**Problem details**
Images are to be left out; everything else in the listing should be repeated exactly.

**Dataset excerpt**
# # # # # # #

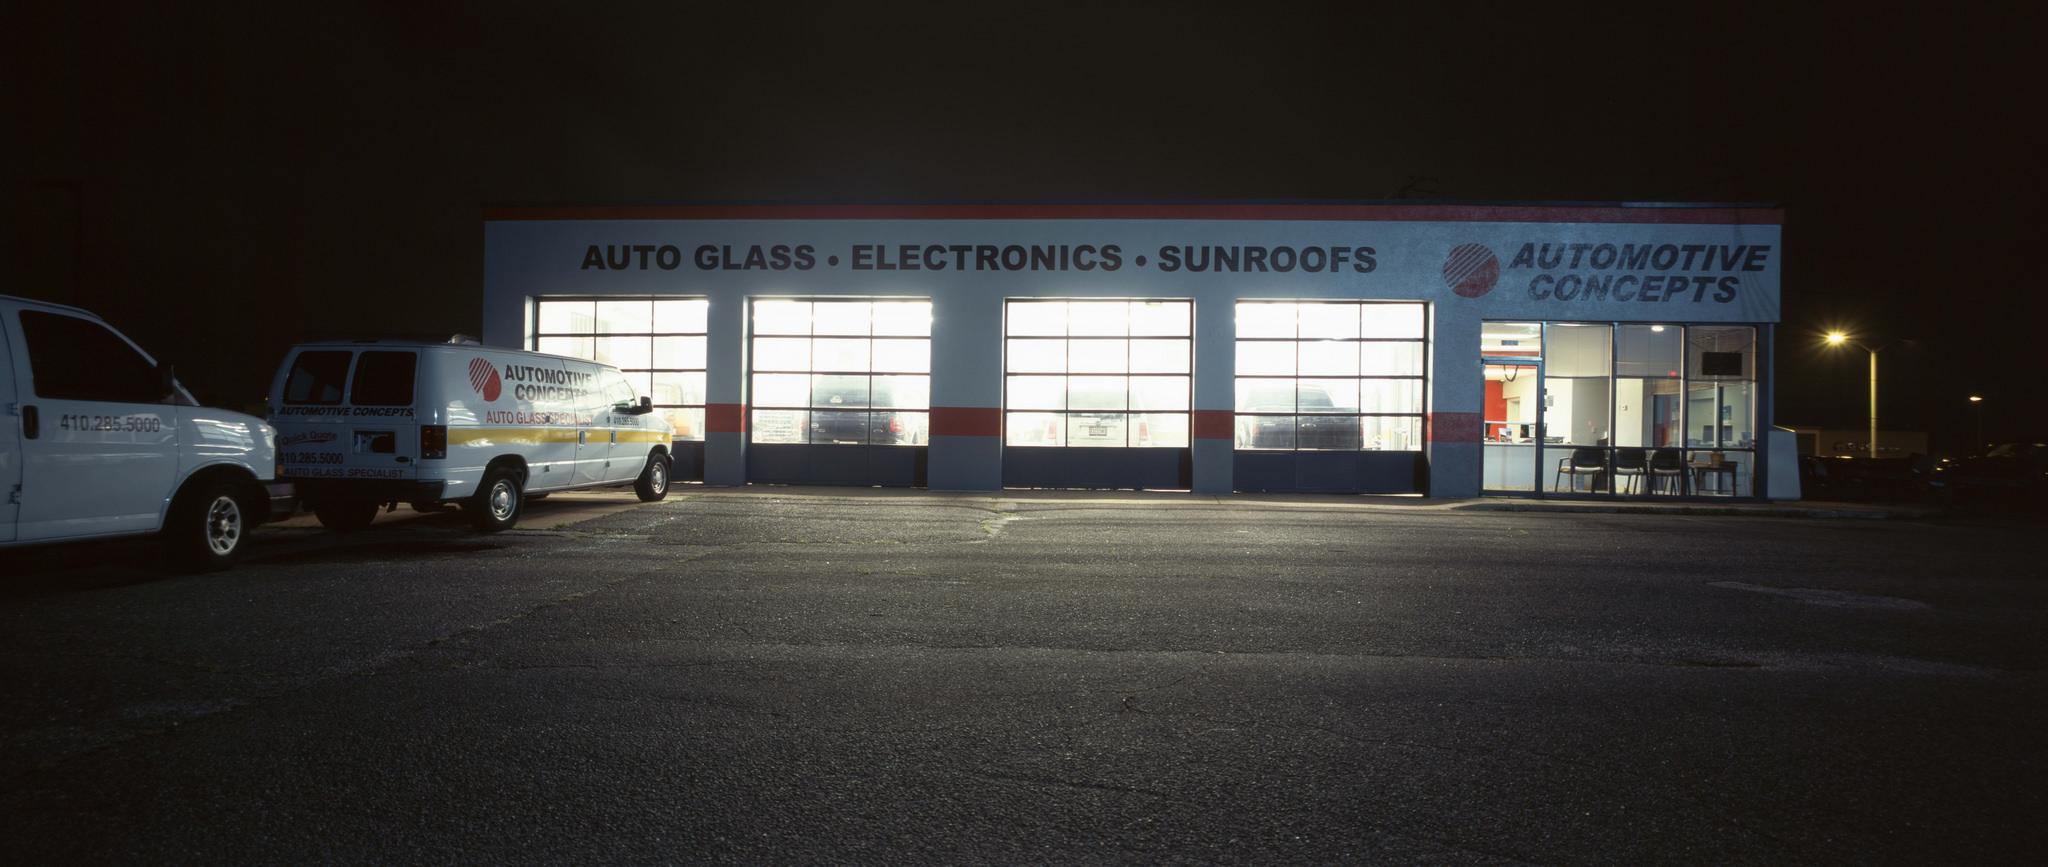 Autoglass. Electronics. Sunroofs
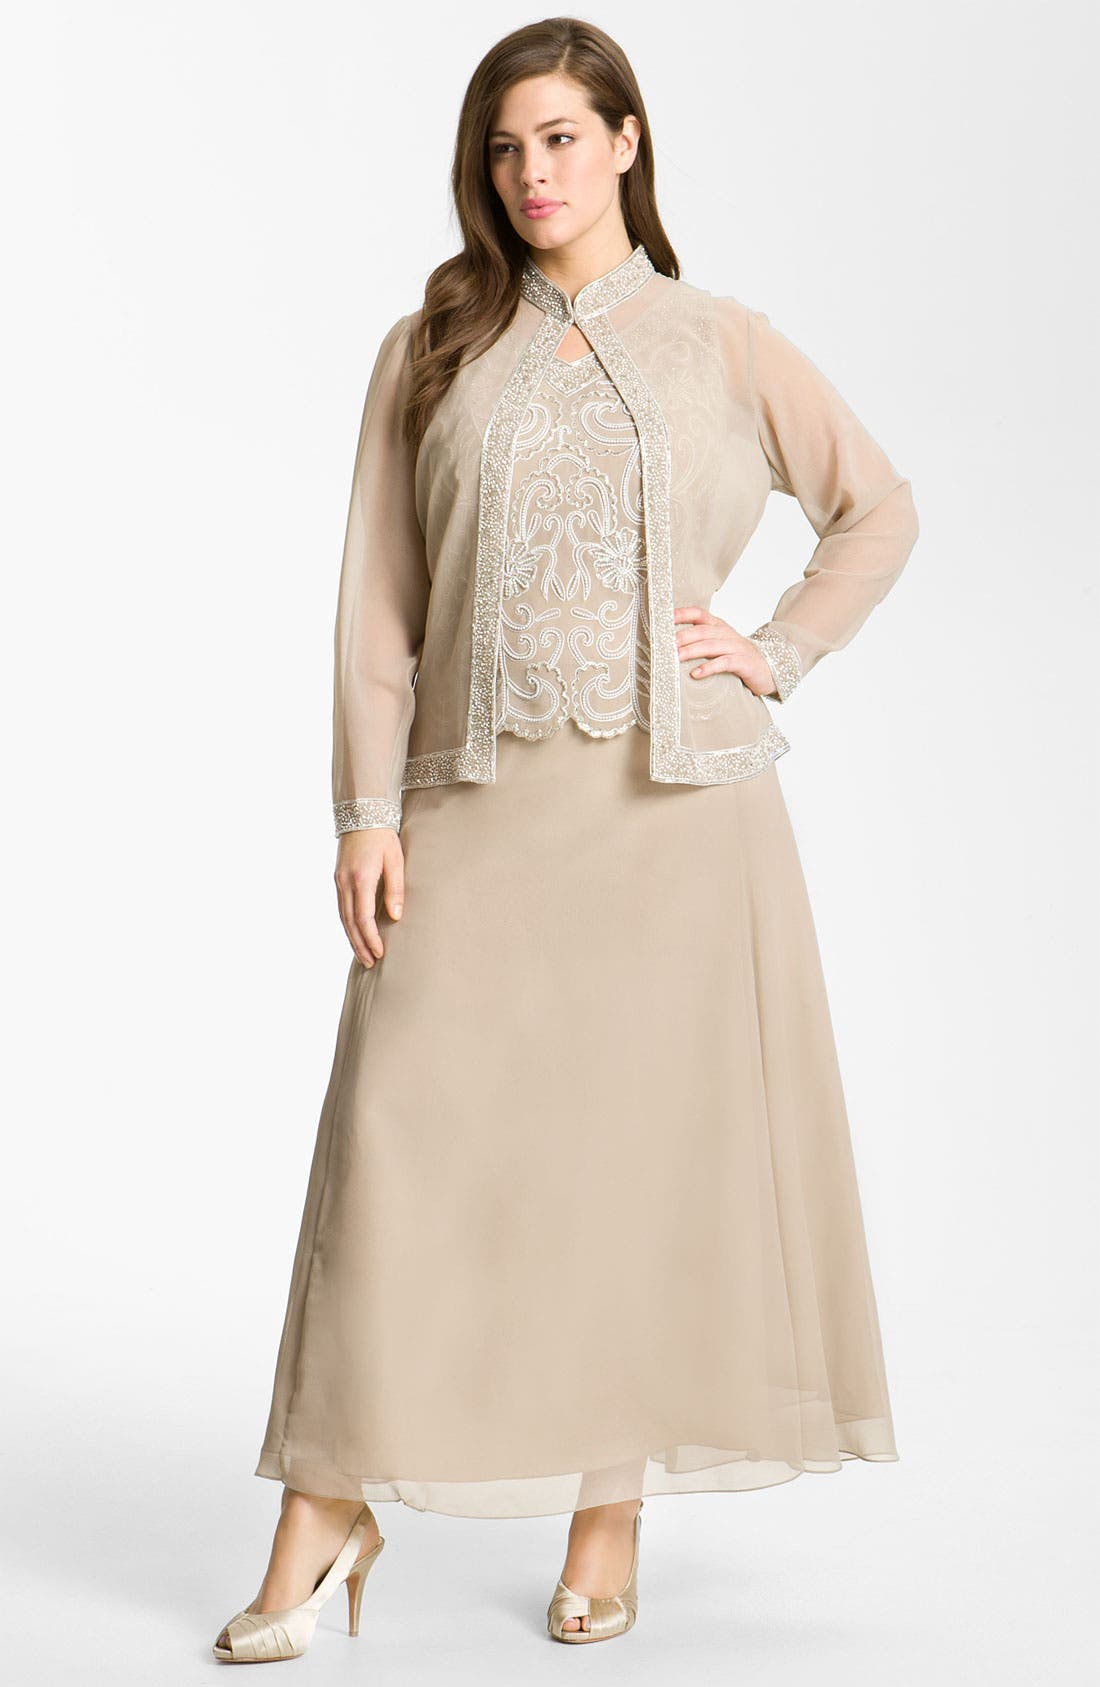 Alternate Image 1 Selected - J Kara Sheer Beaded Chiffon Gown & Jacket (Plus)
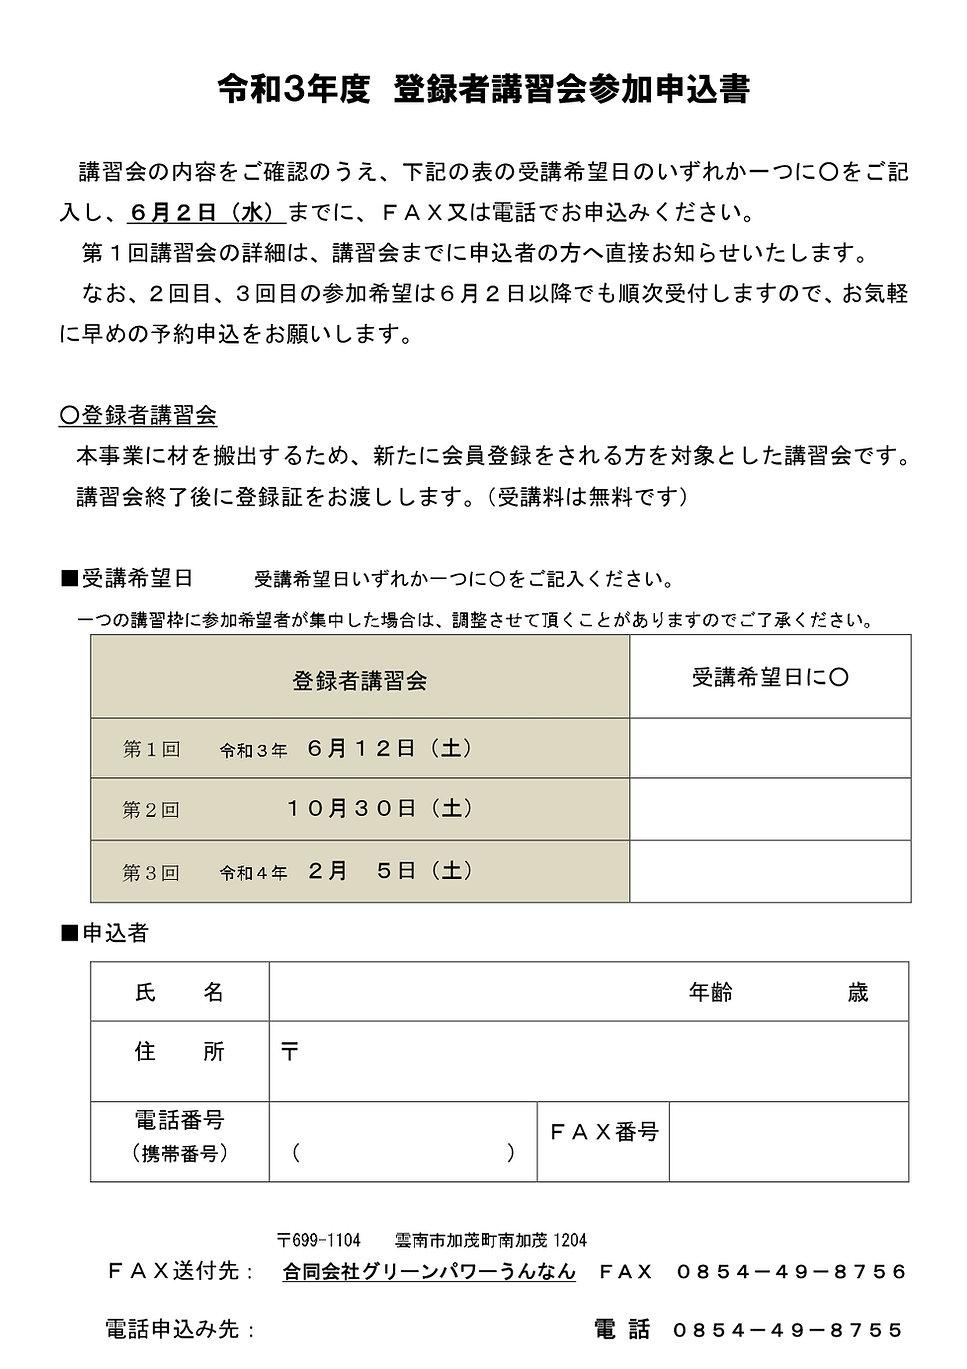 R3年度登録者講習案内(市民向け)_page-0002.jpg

# # # # # # #

**Output of the exercise**
 Autoglass. Electronics. Sunroofs
 Alternate Image 1 Selected - J Kara Sheer Beaded Chiffon Gown & Jacket (Plus)
 R3年度登録者講習案内(市民向け)_page-0002.jpg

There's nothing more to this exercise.